Stanford researcher Eric Bettinger did a study recently in which H&R Block took data from peoples’ tax forms to fill out a FAFSA (Free Application for Federal Student Aid) for their high school seniors. The cost of doing this was trivial, yet the benefits were huge. Children of parents randomly assigned to have their FAFSA done by H&R Block were significantly more likely to go to college than kids randomly assigned to a control group. To my knowledge, there is no more effective way of increasing the college attendance of kids who might or might not go, and this one costs almost nothing.

It so happens that my son was going into a Master’s program in Florida and had to fill out a FAFSA. Knowing about the H&R Block study, I suggested he take it to H&R Block office near him that had just done his tax forms. Needless to say, they didn’t provide the service. I’ve since learned that even though H&R Block paid for Bettinger’s study (with the help of grants from the Bill & Melinda Gates Foundation, the National Science Foundation, and other sources), their offices rarely offer the FAFSA service.

I tell this story because I think it speaks volumes about inequities and idiocies in American education. First, it exposes one of the many enormous benefits kids get if they just have the good sense to be born to middle-class, literate parents (who can help them fill out a FAFSA). Second, why is it that school districts or colleges themselves cannot provide the service H&R Block was experimenting with (but later decided not to offer)? Third, if it does take H&R Block or other tax preparers to do a FAFSA, then why can’t every low income parent of a high school kid hoping to go to college get a voucher to have their local tax preparer help them fill out a FAFSA form?

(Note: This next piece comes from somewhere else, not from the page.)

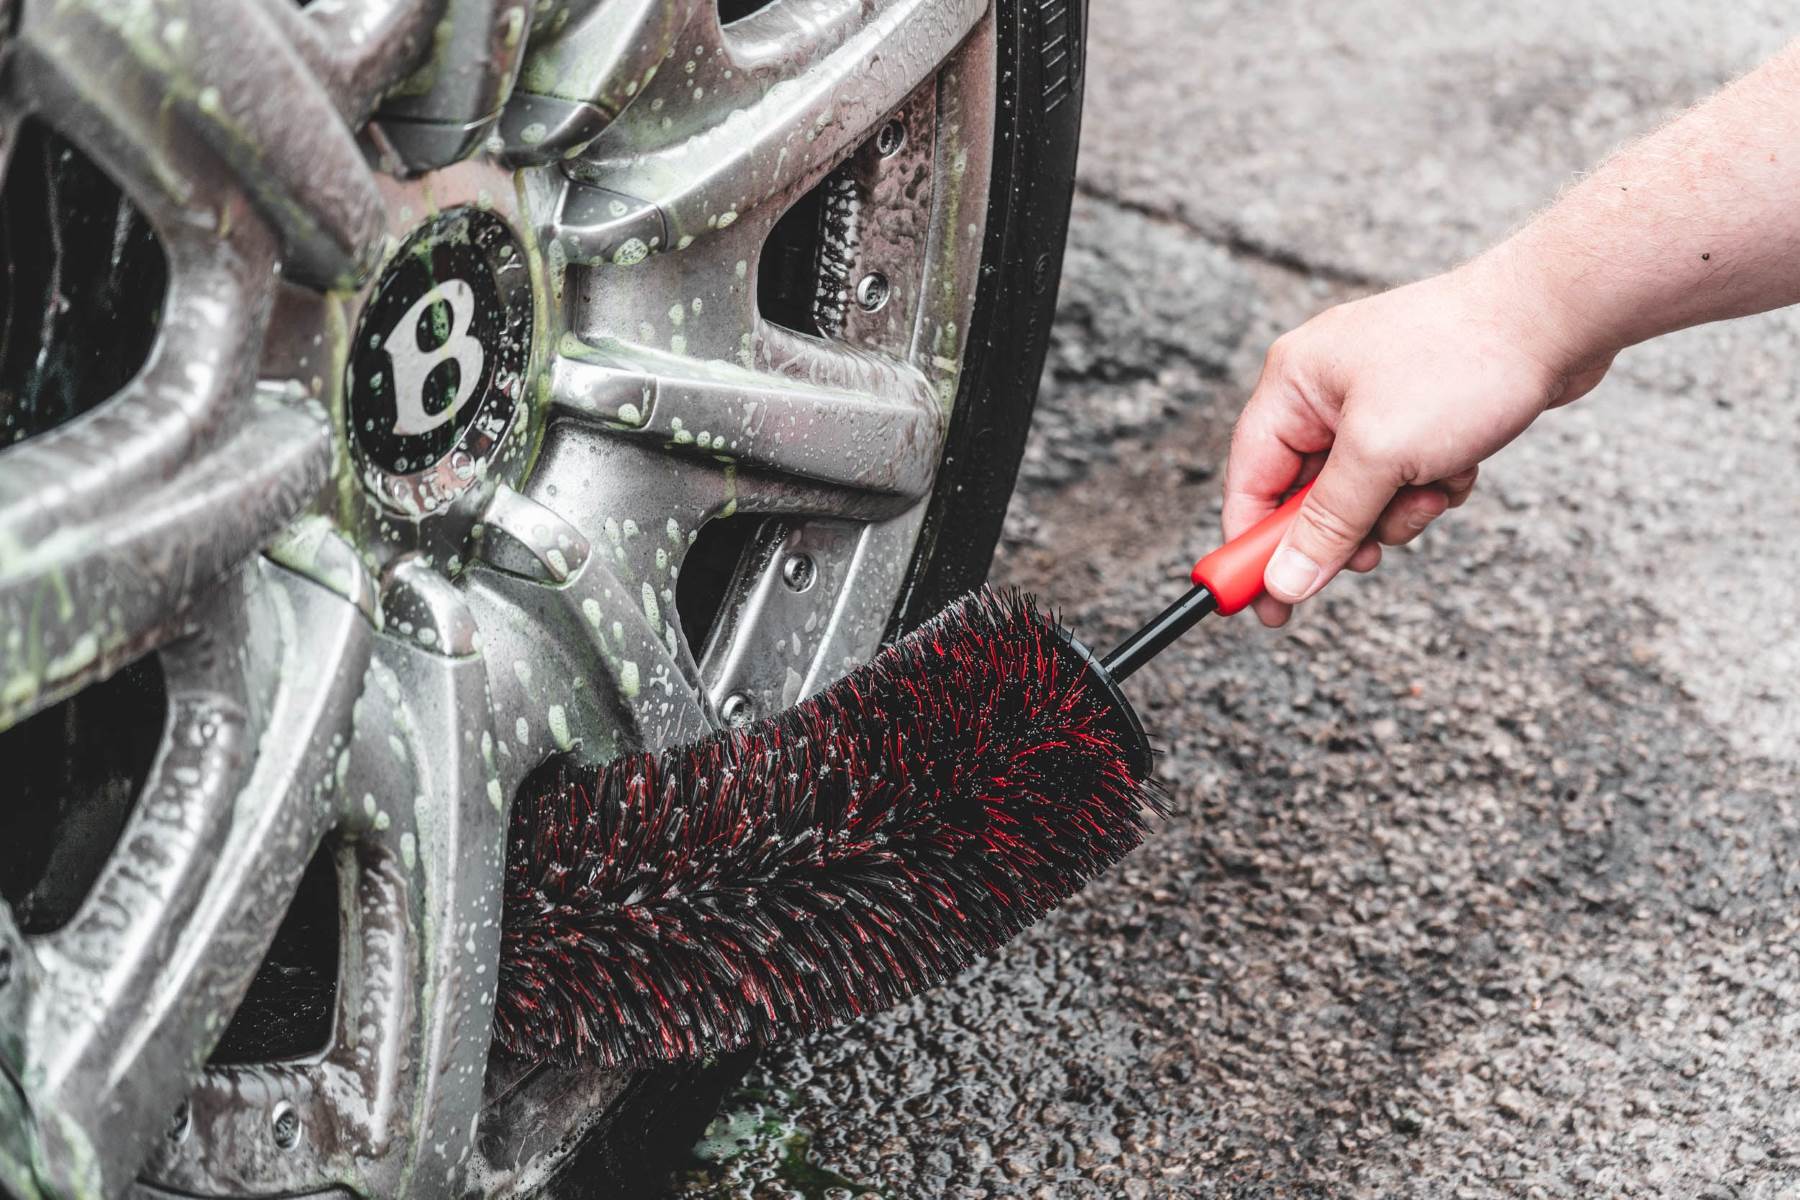 Car Wheel Brush Tire Cleaning Brush Tool Car Rim Scrubber Cleaner Duster  Handle Motorcycle Truck Wheel Car Grooming Brush New - AliExpress
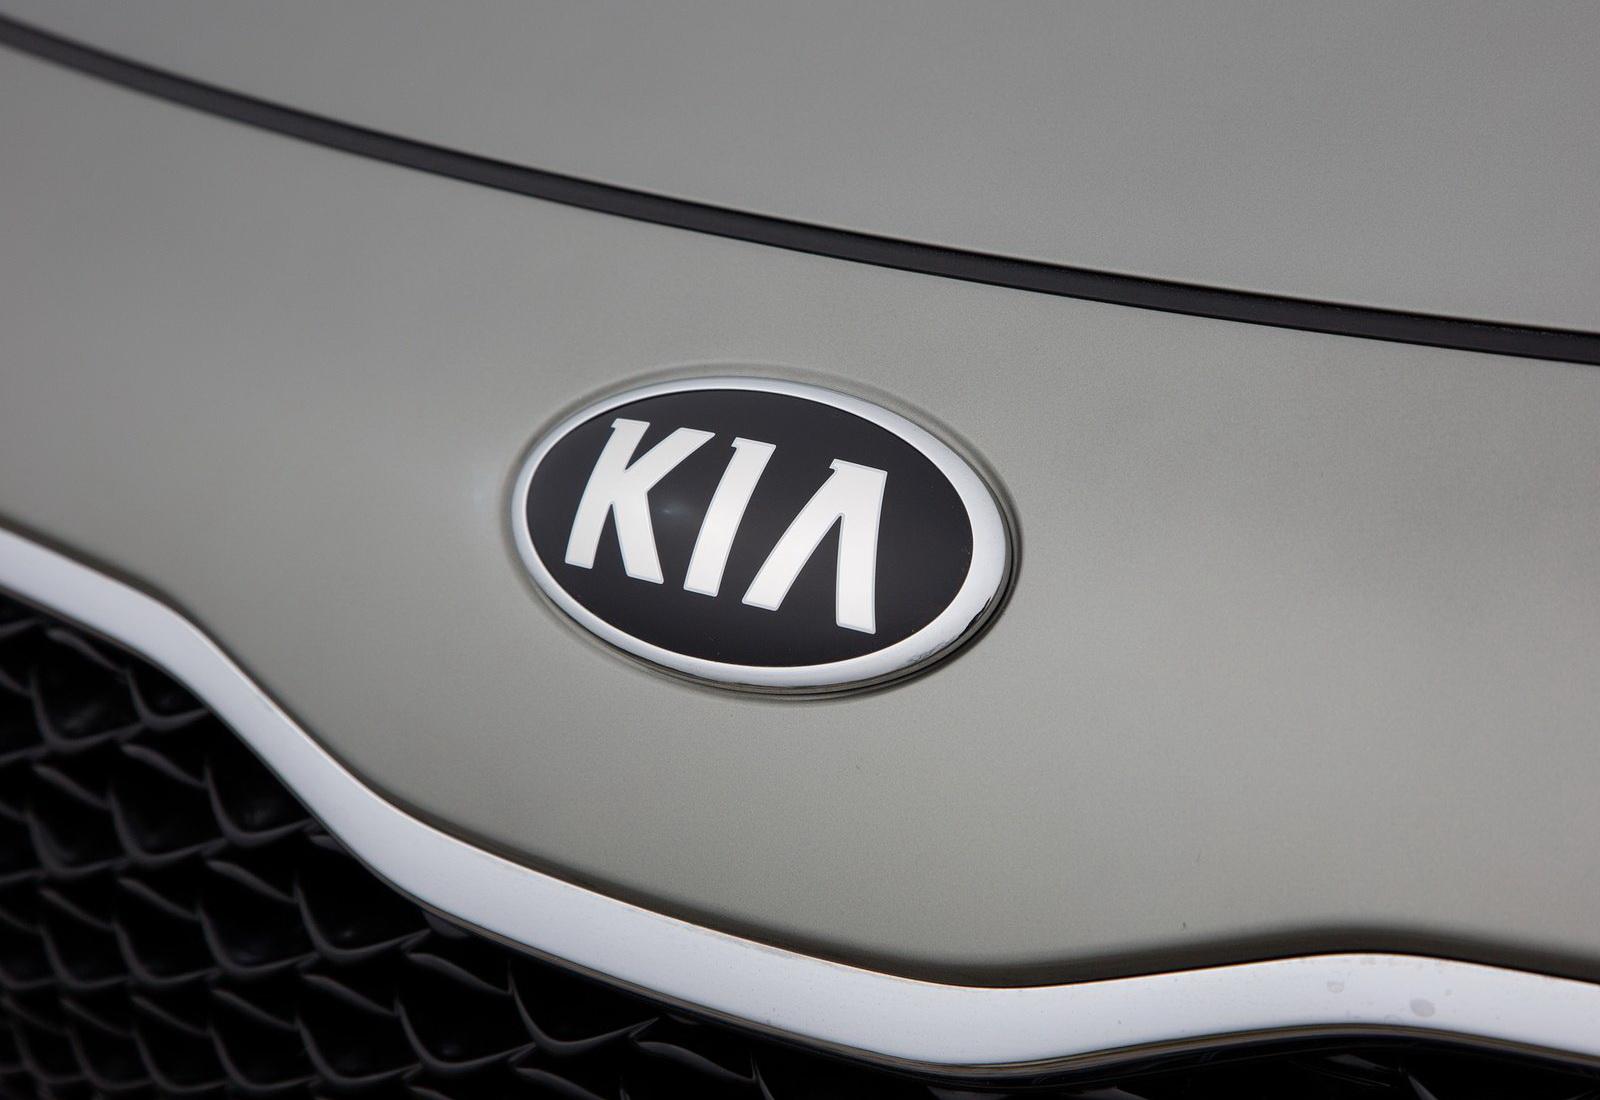 Kia Logo, Kia Car Symbol Meaning and History. Car Brand Names.com

This is not my field, so perhaps all of these things are being done, BUT I STRONGLY DOUBT IT. Instead, my rather confident guess is that the system is happily cranking along, effectively barring deserving, capable, and promising young people from a brighter future because it’s no one’s job to solve this little FAFSA problem. We spend billions, by the way, in financial aid and elaborate programs to help able, disadvantaged kids go to college. It’s not that we’re unwilling to spend money. It’s just that we’re unwilling to follow the evidence until we find solutions to the core problems of our society.